◆ WORK TO BE COMPLETED ◆
Write out each line of the listing as it stands, without the images.

◆ SUPPLIED MATERIAL ◆
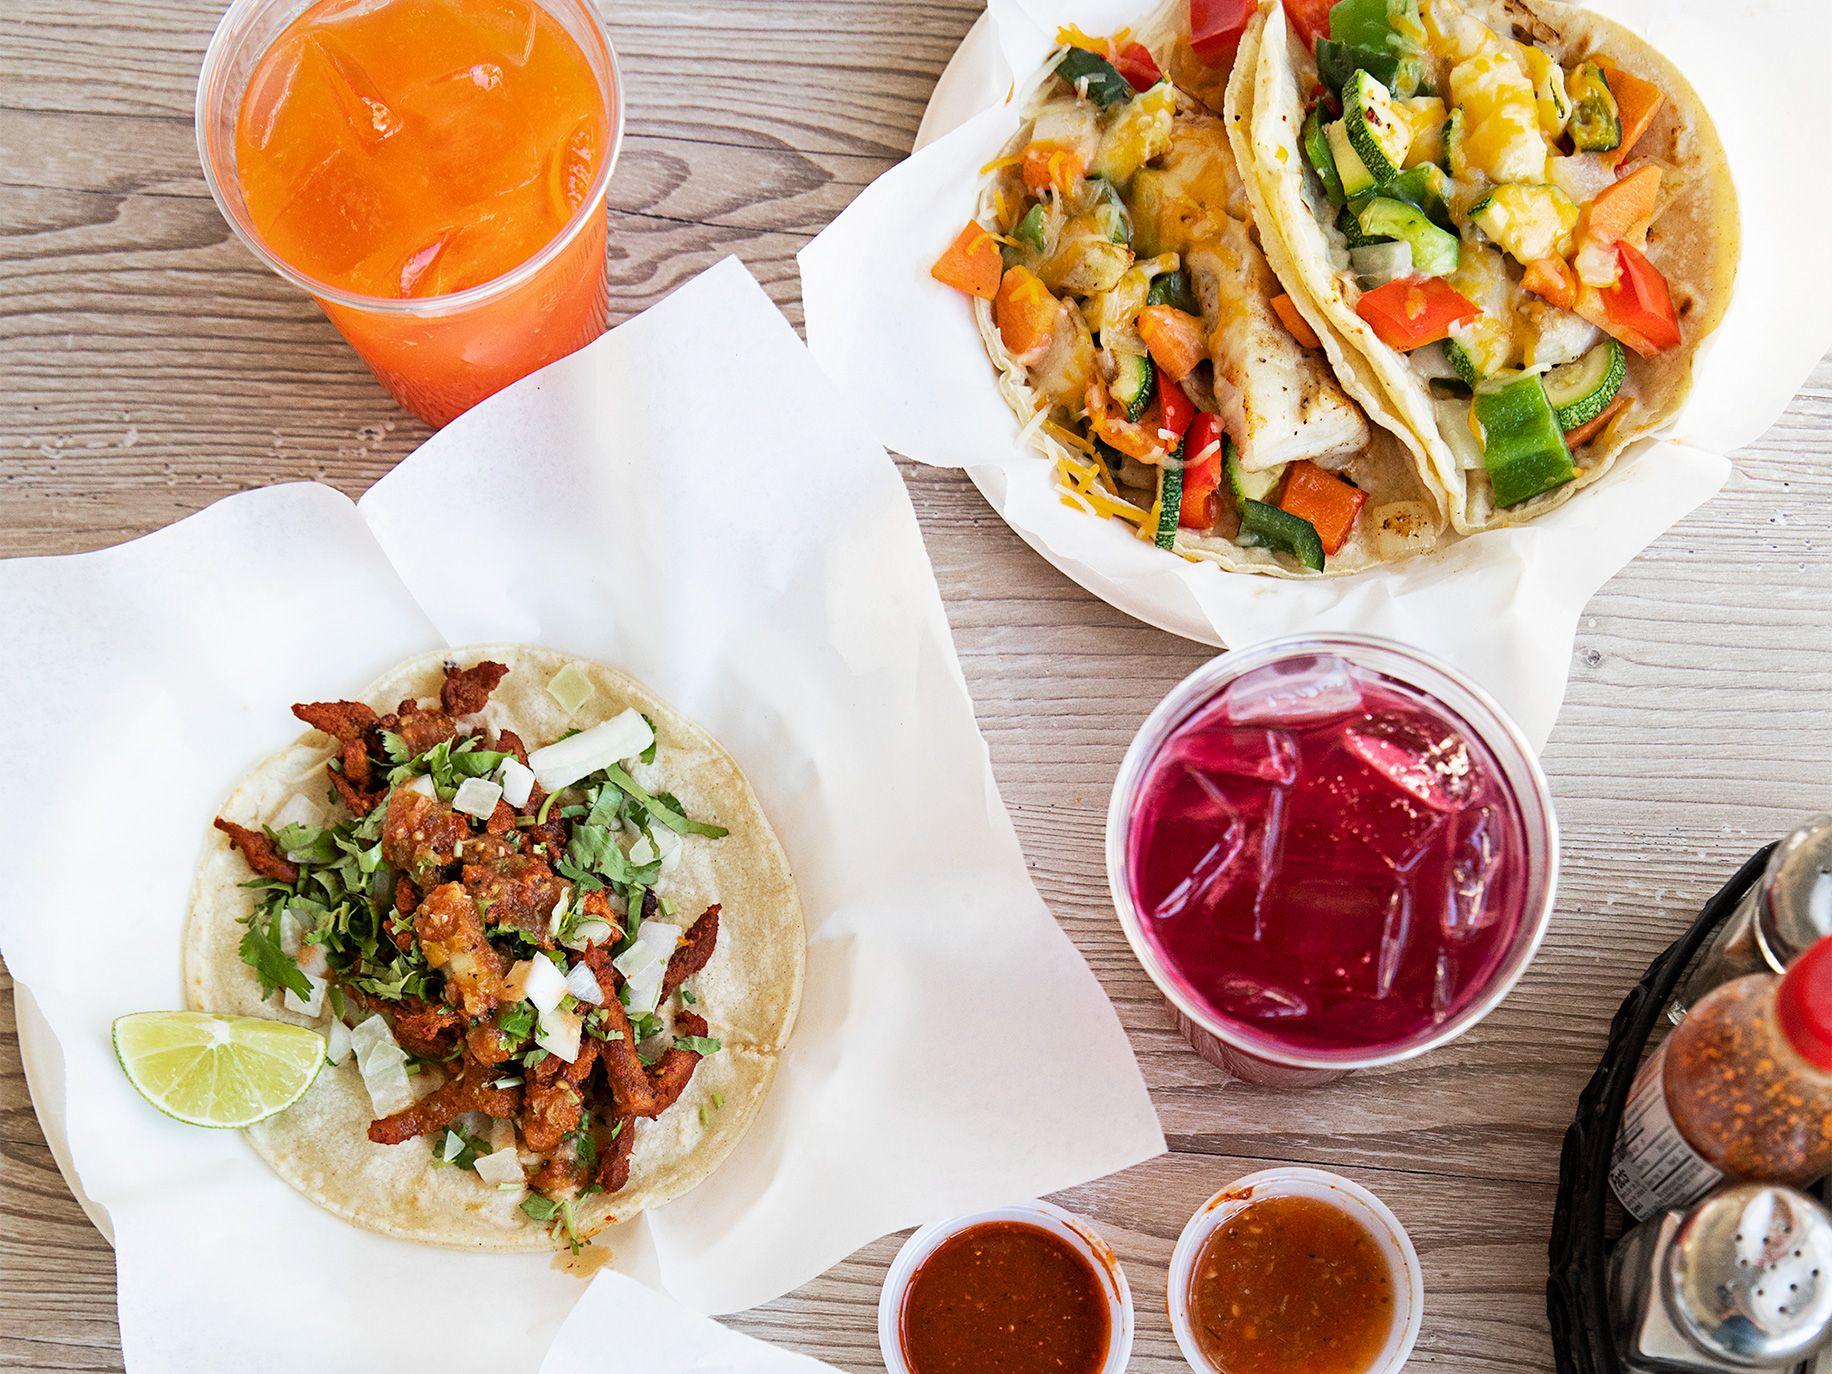 Tasty tacos from El Bajio, top to bottom: fish and al pastor.
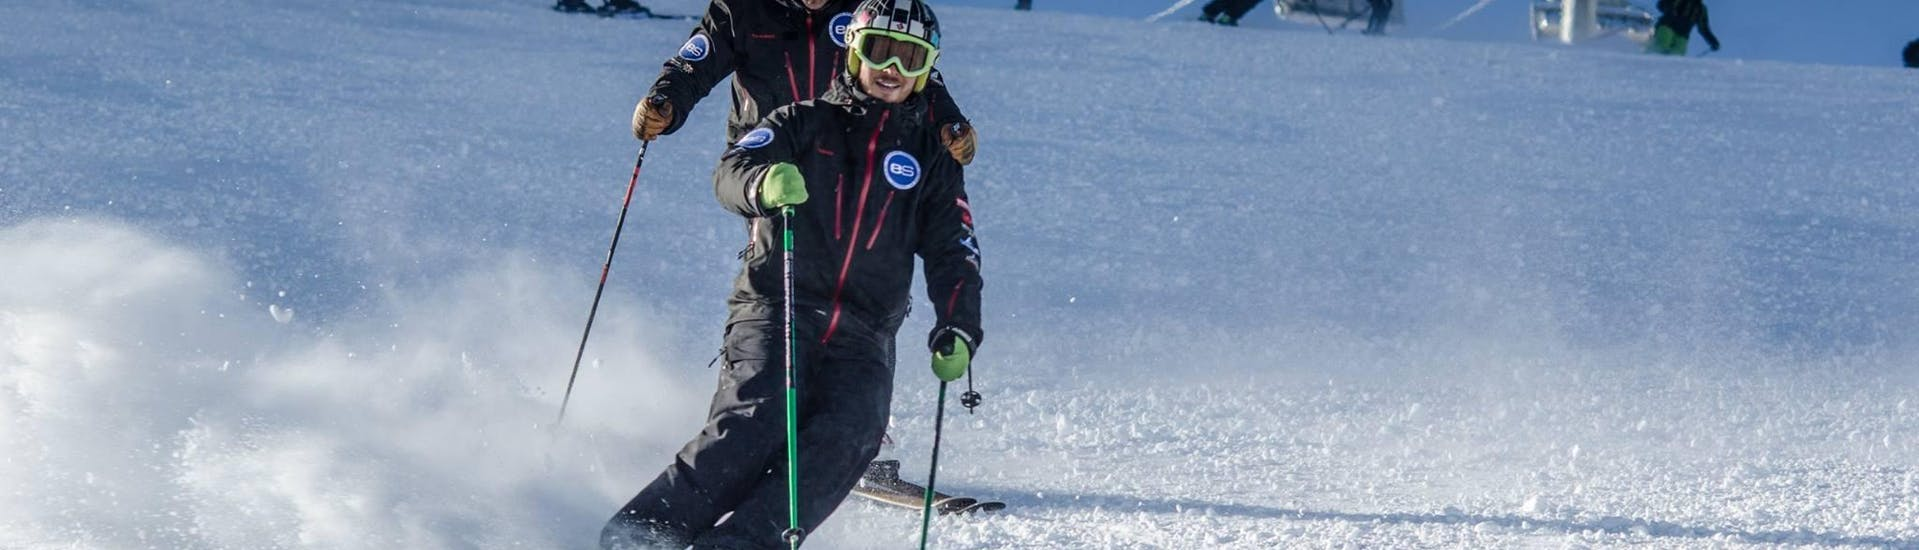 "Ski Lessons ""Freeski"" Half Day (11-17 years) - Advanced with European Snowsport Zermatt - Hero image"
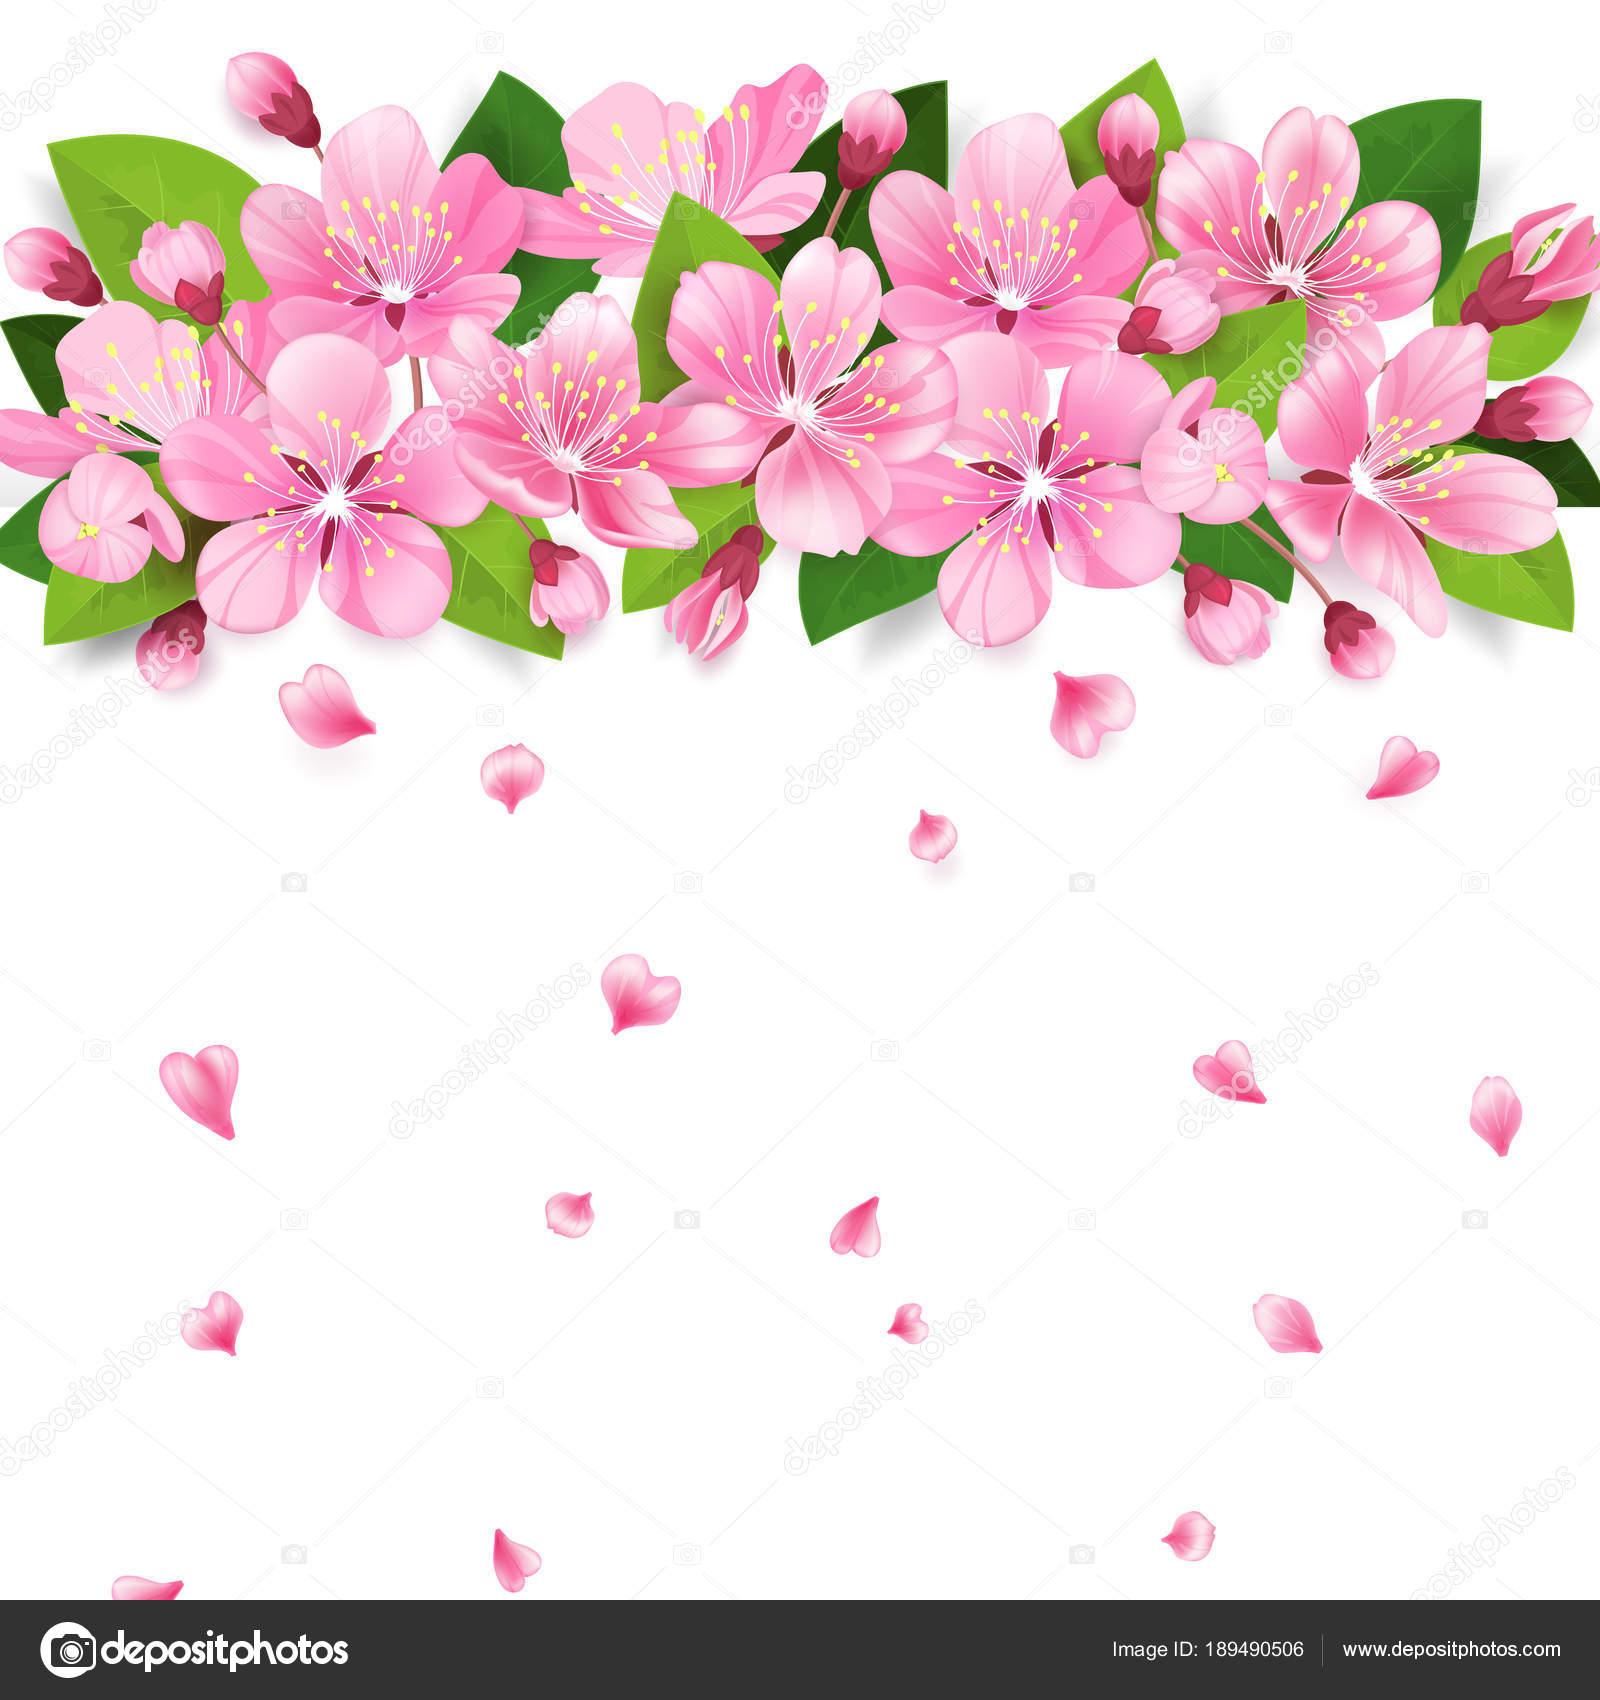 Realistic sakura japan cherry or apple tree branch with blooming realistic sakura japan cherry or apple tree branch with blooming flowers pink flowers border with mightylinksfo

◆ EXERCISE OUTPUT ◆
 Tasty tacos from El Bajio, top to bottom: fish and al pastor.
 "Ski Lessons ""Freeski"" Half Day (11-17 years) - Advanced with European Snowsport Zermatt - Hero image"
 Realistic sakura japan cherry or apple tree branch with blooming realistic sakura japan cherry or apple tree branch with blooming flowers pink flowers border with mightylinksfo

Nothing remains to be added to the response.